You are viewing a plain text version of this content. The canonical link for it is here.
Posted to users@apex.apache.org by "Mukkamula, Suryavamshivardhan (CWM-NR)" <su...@rbc.com> on 2016/08/09 15:29:51 UTC

handling French Characters using AbstractFileInputOperator

Hi,

I have files on HDFS with French characters that I need to write to another file on HDFS. I am using AbstractFileInputOperator.java which has the following method that can stream the input file. Can you please suggest how would I handle the French characters ? (I suppose I should pass the character encoding UTF8 to generate the inputstream but not sure how would I achieve that).

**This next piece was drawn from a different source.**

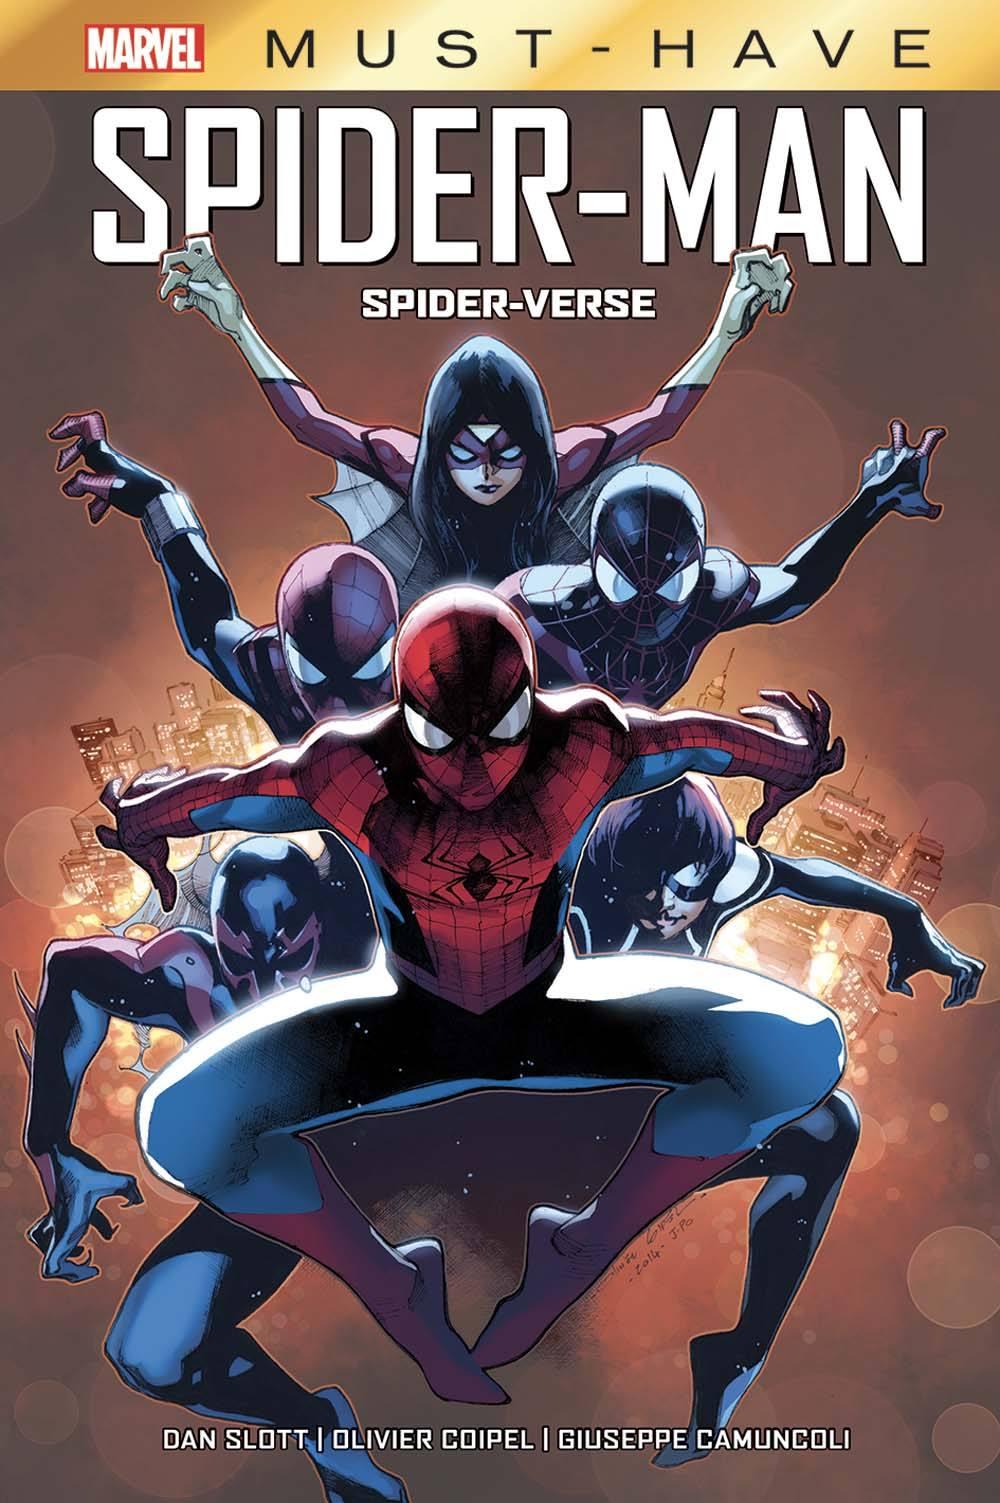 SPIDER-MAN : SPIDER-VERSE (MUST HAVE)

###############method from AbstractFileInputOperator.java####################

protected InputStream openFile(Path path) throws IOException
  {
    currentFile = path.toString();
    offset = 0;
    retryCount = 0;
    skipCount = 0;
    LOG.info("opening file {}", path);
    InputStream input = fs.open(path);
    return input;
  }

Regards,
Surya Vamshi

_______________________________________________________________________
If you received this email in error, please advise the sender (by return email or otherwise) immediately. You have consented to receive the attached electronically at the above-noted email address; please retain a copy of this confirmation for future reference.  

Si vous recevez ce courriel par erreur, veuillez en aviser l'expéditeur immédiatement, par retour de courriel ou par un autre moyen. Vous avez accepté de recevoir le(s) document(s) ci-joint(s) par voie électronique à l'adresse courriel indiquée ci-dessus; veuillez conserver une copie de cette confirmation pour les fins de reference future.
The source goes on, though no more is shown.